Mbabane Kunene was a 19th century Swazi chief who served under King Mbandzeni as the governor of Mbuluzi. He is the namesake of the city of Mbabane, Eswatini.

==Early life and background==
Mbabane Kunene was born around 1820, the son of Ngongoma Kunene, who served as a personal spiritual intermediary for the Eswatini royal family at Ludzidzini during the reign of King Mswati II. His father Ngongoma Kunene was responsible for preparing sacred cleansing waters for Queen Tsandzile Ndwandwe, the mother of King Mswati II. The King later ordered his death when the sacred waters disappeared at the royal house.

Following his father's death, Mbabane Kunene relocated to the Ezulwini Valley and later appointed governor of Mbuluzi where he was responsible for overseeing the slaughtering of King Mbandzeni's cattle.

==Conflict and exile==
Mbabane Kunene assisted Queen Sisile 'LaMgangeni' Khumalo, the Queen mother of Eswatini, in 1881 when she escaped King Mbandzeni during the night. Mbandzeni regiments captured LaMgangeni in Gobholo, near Mbabane and taken to the royal kraal at Nkanini in Lobamba, where she was killed.

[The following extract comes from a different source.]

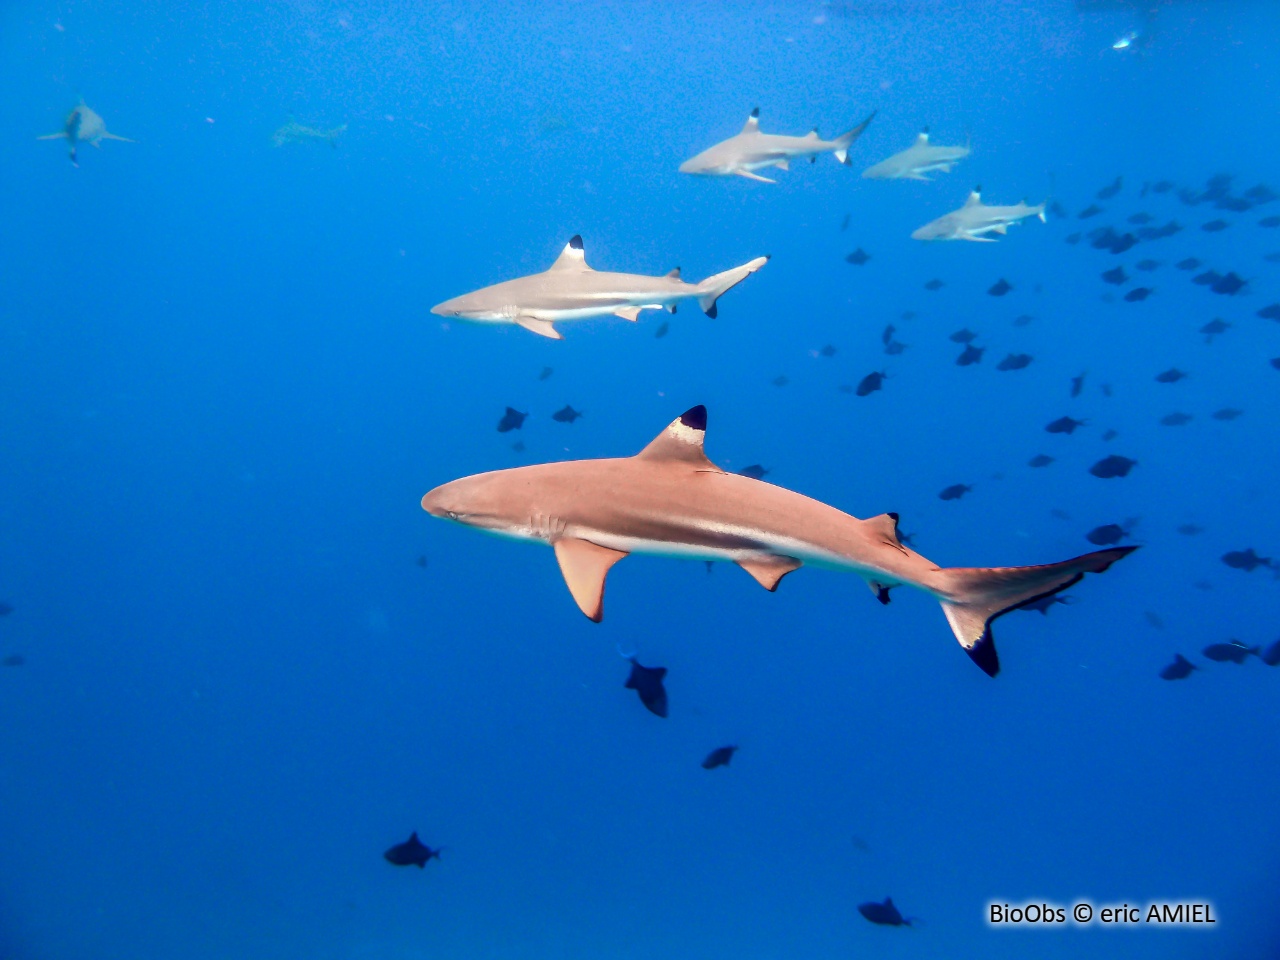 Requin à pointes noires - Carcharhinus melanopterus - eric AMIEL - BioObs
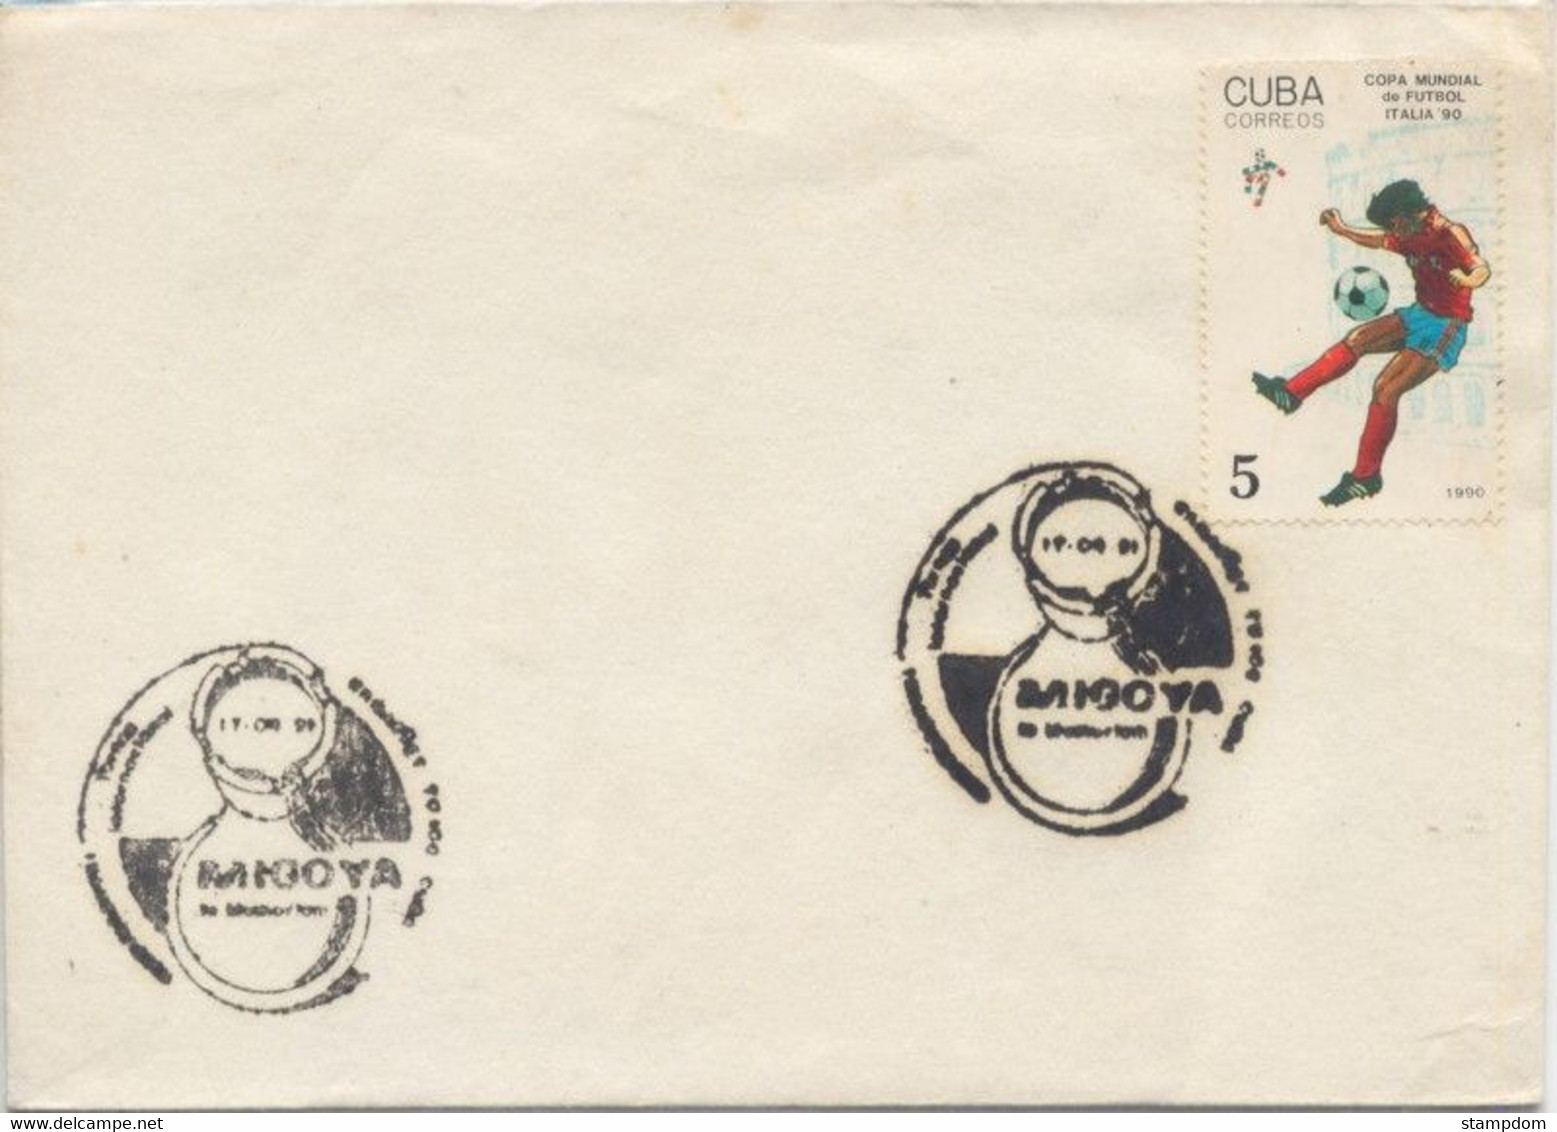 CUBA 1991 MIGOYA Special Cancel Event COVER @D1713 - Briefe U. Dokumente

Mbabane Kunene managed to escape during these events and fled to Chrissiesmeer (in present-day Mpumalanga, South Africa).

He later returned to Eswatini but did not immediately rejoin the royal court, as King Mbandzeni no longer trusted him. He died before 1890 and the Mbabane river was named after him. European settlers built a town in the river area and named it Mbabane.

Mbabane's known son was named Maloyi Kunene and died in 1942. Maloyi was raised in Zombodze and herded cattle with the young Sobhuza II.